Portland’s Michael C. Connolly, professor of history at St. Joseph’s College, delivers again with a fact-packed but thoroughly entertaining history of the city’s Irish longshoremen with “Seated the Sea.”
Not only does the book fill in a huge gap in the maritime history of Portland, the East Coast and the nation, but it deals directly with the hot-button issue of race dating back to the early 19th century.
Diversity did not always engender good fellowship. Indeed, Gaelic-speaking newcomers (and the port had the highest concentration of Irish speakers in the nation) found themselves in a hostile environment.
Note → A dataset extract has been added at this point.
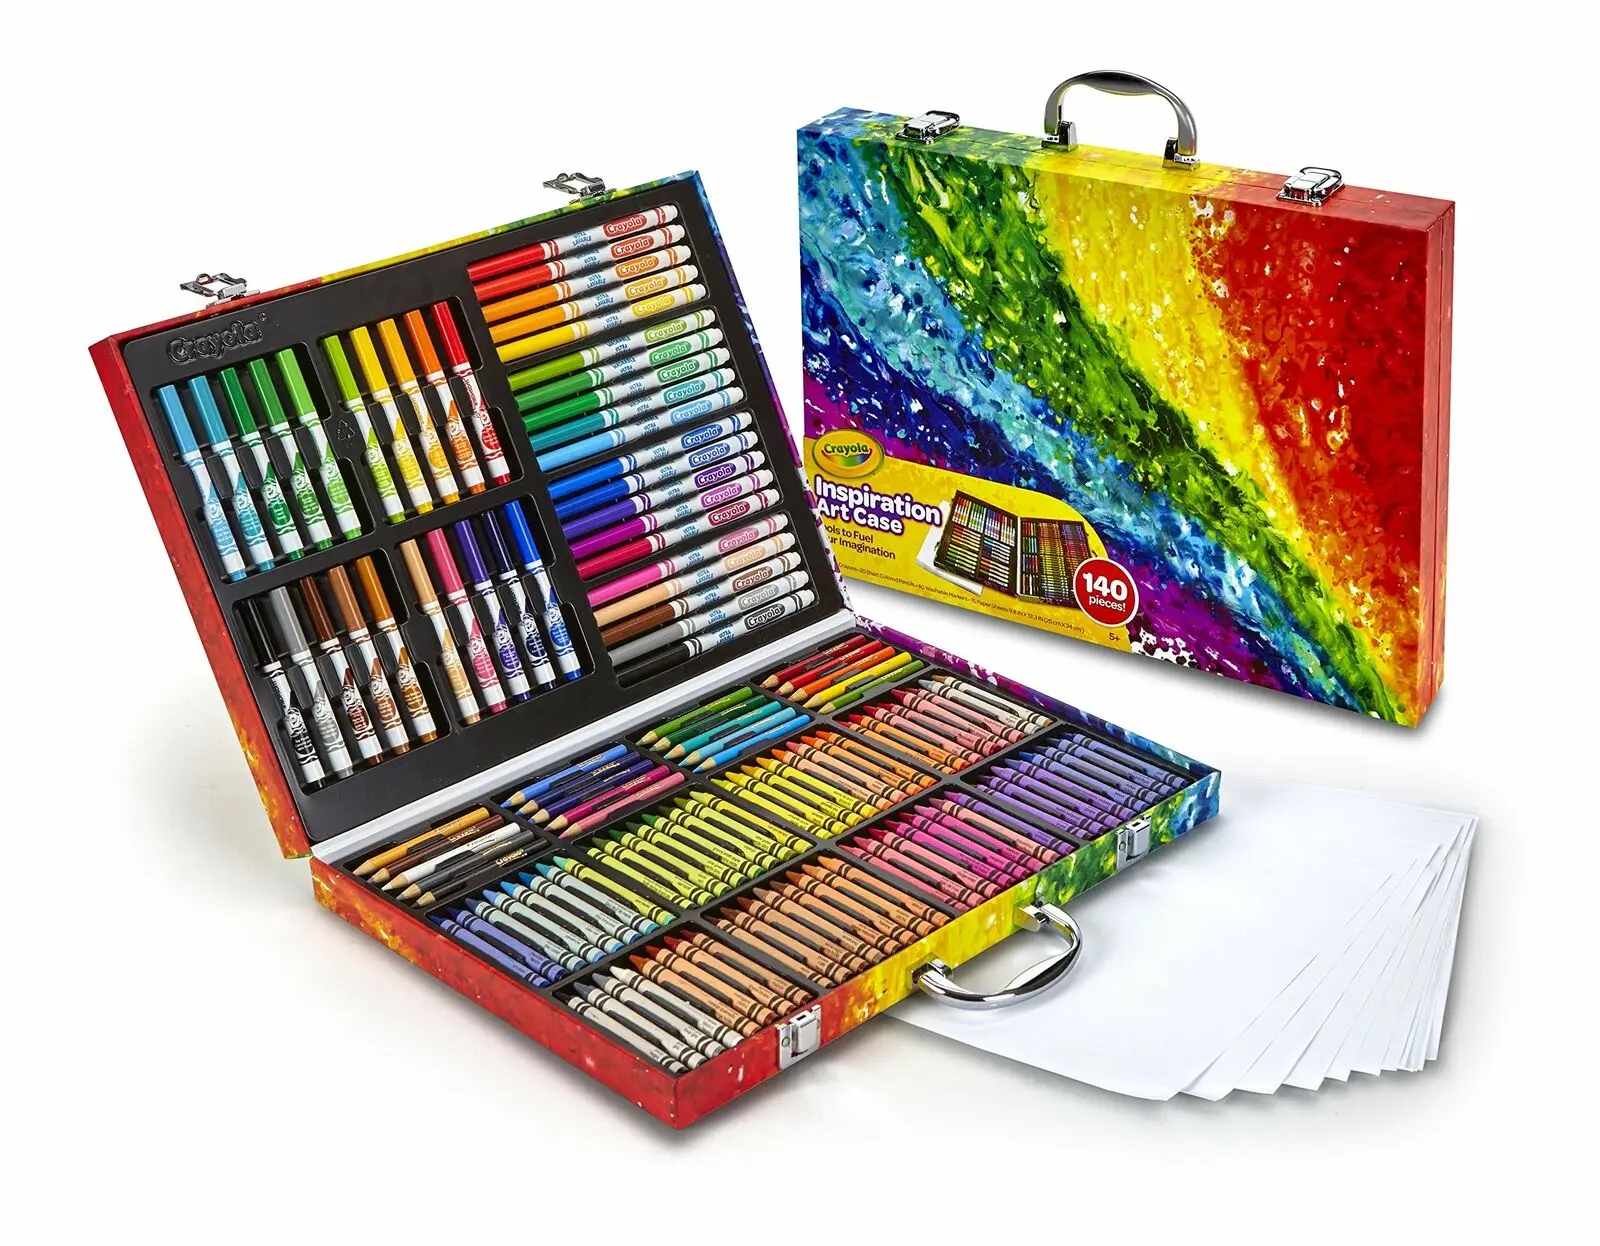 

Crayola 140 Count Art Set, Rainbow Inspiration Art Case, Gifts for Kids and Adults, Including Crayons, washable markers, pencils

The search for jobs in the United States pitted these non- or poor-English speakers against the lowest-paid Yankee laborers and, in Portland, black workers on the wharfs. Willing to work for less and sticking together, ultimately forming a union (which changed over time), the Hibernians pushed the blacks off the docks into service on the steamboats.
Connolly has written about this before in “Black Fades to Green” (Colby Quarterly, 2001), but here it is presented fully nuanced. In many ways, it was a numbers game. In the port of New Orleans, with many African Americans, the work was split 50-50 between black and white longshoremen.
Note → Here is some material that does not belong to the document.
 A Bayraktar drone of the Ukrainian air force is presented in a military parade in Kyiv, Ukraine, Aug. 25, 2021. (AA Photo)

But this is getting ahead of things. I am giving a pass on the title “Seated the Sea” from Longfellow’s most overused poem, because cargo handlers do work along the shore and because the poet was born in a house later used by longshoremen families, including the father of Gov. Joseph E. Brennan, who contributed the introduction. Connolly, too, comes from such a hardworking clan, and his thesis on the union was written at Boston University in 1988.
Local politicians, fishermen, real-estate developers and anyone active in the working harbor should look lively here and glance back, because in telling the story of the longshoremen and their Irish heritage, Connolly hits on many of the root causes of the port’s success and failures to meets its potential at key times in history.
He has gone back to Robert Babcock and all the best sources, and he has shown what the port was and has become — really a shadow of its former self.
Against the backdrop of statistics are the influences of the Catholic church, whose bishops were interested in the fate of the working man and his family but often opposed to outside or nationally organized unions. The church saw such “brotherhoods” as secret societies, dangerous and a direct challenge to its authority.
The appearances of Italians on the waterfront led to renewed ethnic tensions, this time Catholic vs. Catholic and the eventual creation of the Italian Freight Handlers Union. The late Rev. Joseph Romani once told me that “In the old days, if you wanted to call someone something bad, you called him an Irishman.” It was an ethnically divided waterfront until after World War II when, as longshoreman Roy Caleb noted, “Italians and Irish here intermingled and intermarried.”
Certainly one of the volume’s strengths is the interviews with old-timers. Tom Mulkern notes, “There wasn’t that much crookedness around. We always had better (working) conditions than they had in Boston ’cause we made them. We sat around the table and we made those conditions.”
It was not all smiles and sunshine, however — there were strikes, violence and eventually arguments about national affiliation. Current dockworkers in the Portland Longshoreman’s Benevolent Association number a mere handful compared to the boom days of the early 20th century.
In the end, Connolly asks what the future of the working waterfront is. Will it be simply a rich man’s playground, as longshoreman Larry Welch saw it, or something better suited to its unique geography?
“Seated the Sea” is a well-documented revelation and a challenge for this generation.
William David Barry is a local historian who has authored or co-authored five books, including “Tate House: Crown of the Maine Mast Trade” and the novel “Pyrrhus Venture.” He lives in Portland.